• [Data excerpt]

---+---

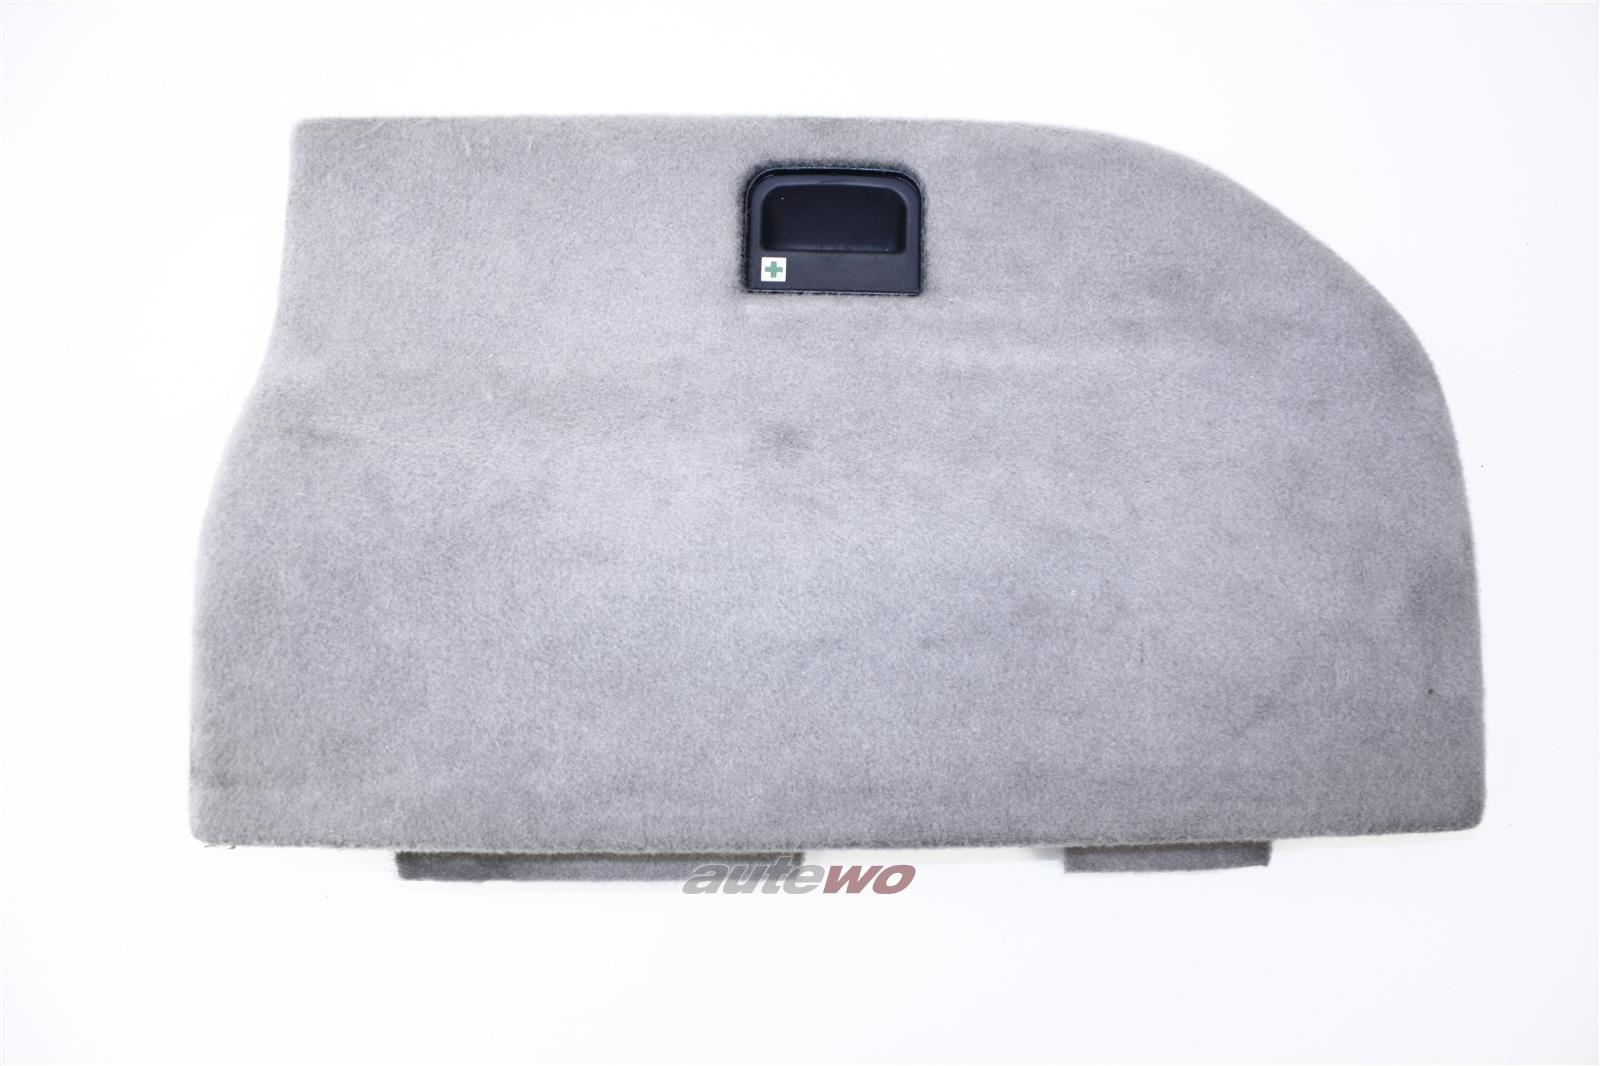 Audi 100/S4/A6/S6 C4 Avant Deckel Kofferraumverkleidung Rechts platin 4A9863716
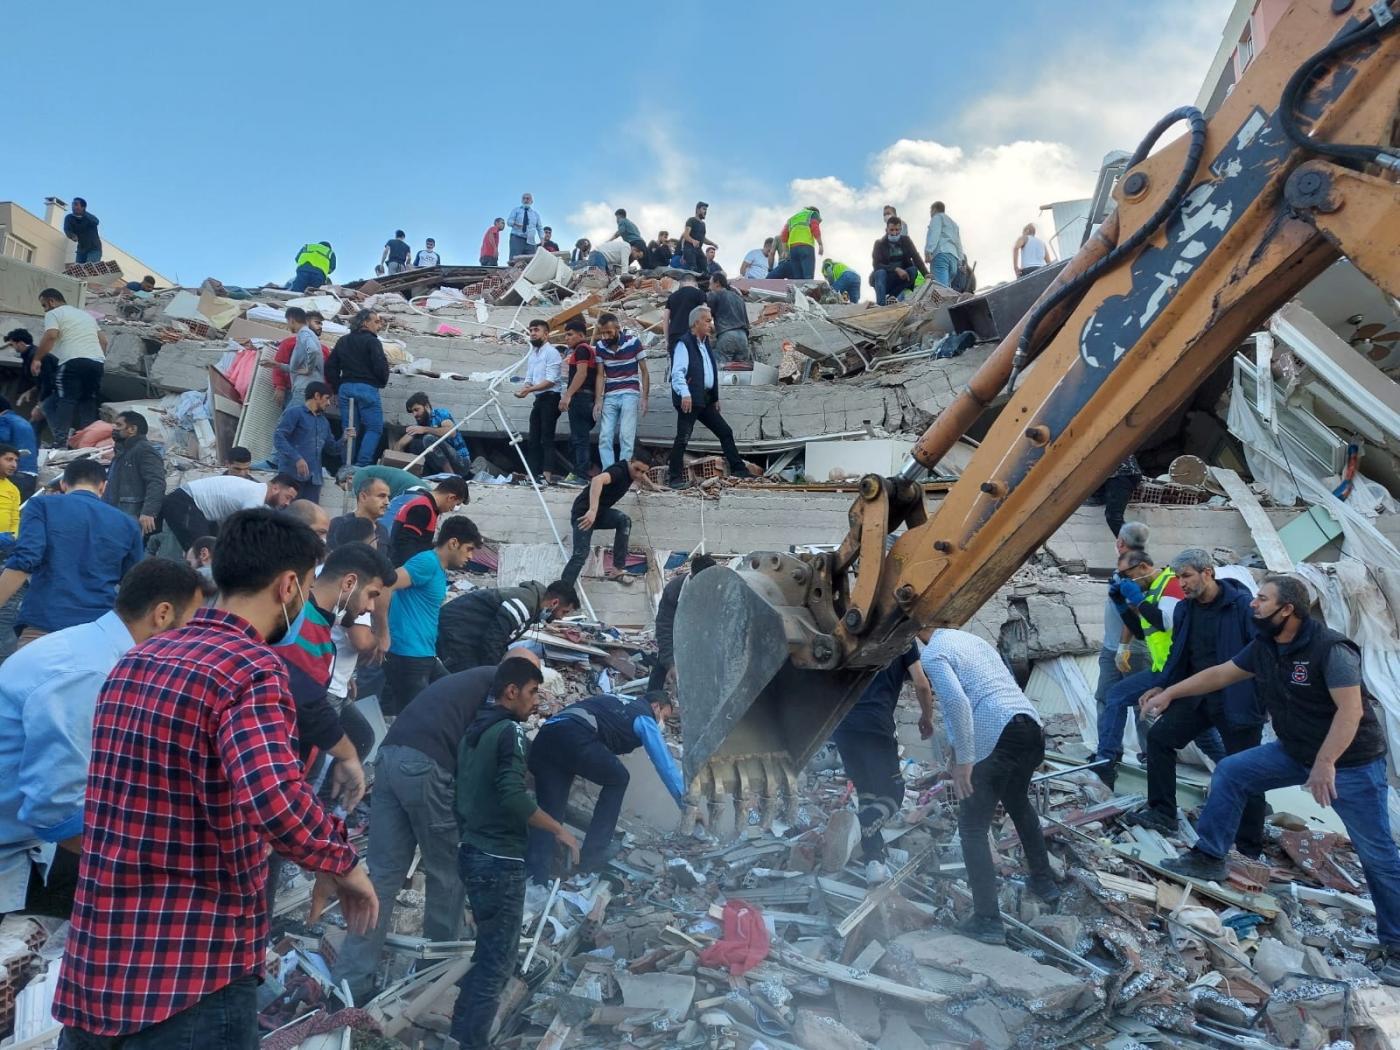 Động đất mạnh ở Thổ Nhĩ Kỳ, 800 người thương vong - Ảnh 1.
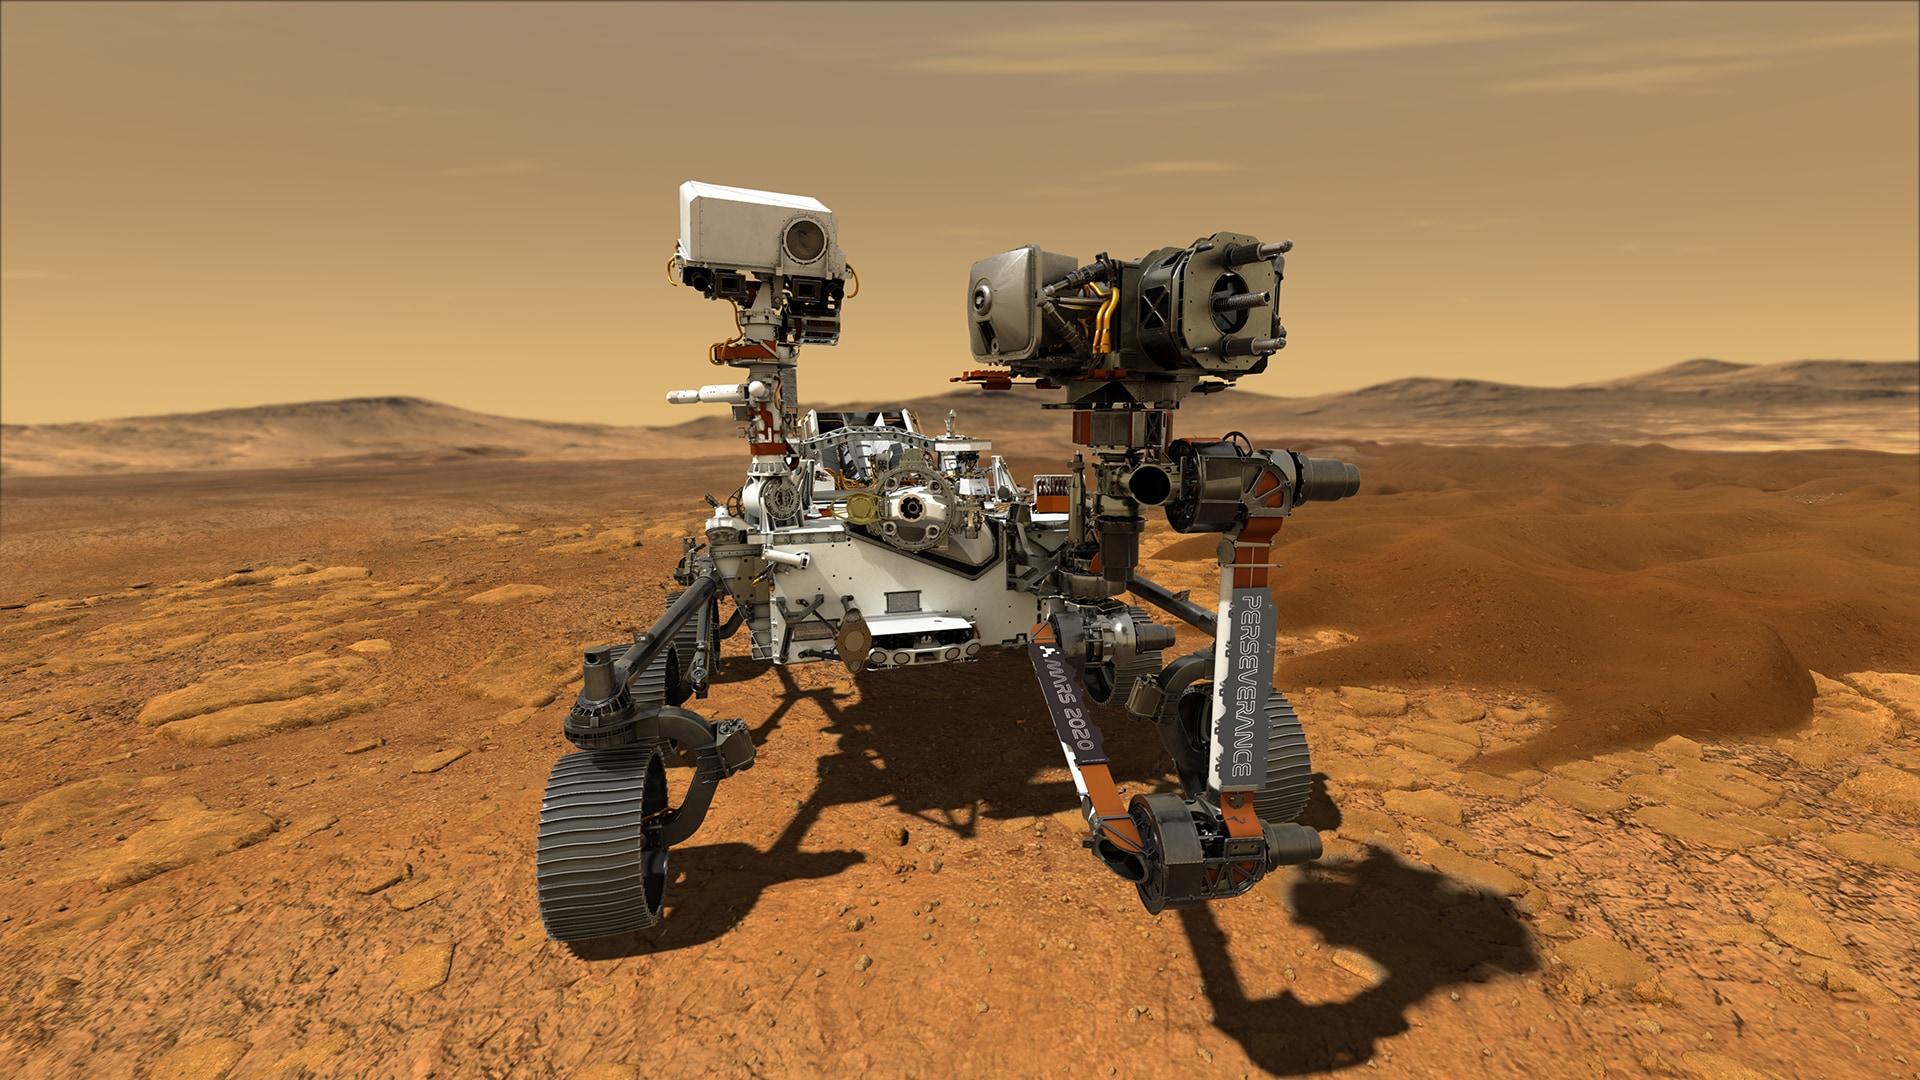 2021年に火星着陸予定の探査機「パーセヴェランス」。

---+---

• [What to work on]
The answer should consist of every line above, exact and free of images.

• [Expected output]
 Audi 100/S4/A6/S6 C4 Avant Deckel Kofferraumverkleidung Rechts platin 4A9863716
 Động đất mạnh ở Thổ Nhĩ Kỳ, 800 người thương vong - Ảnh 1.
 2021年に火星着陸予定の探査機「パーセヴェランス」。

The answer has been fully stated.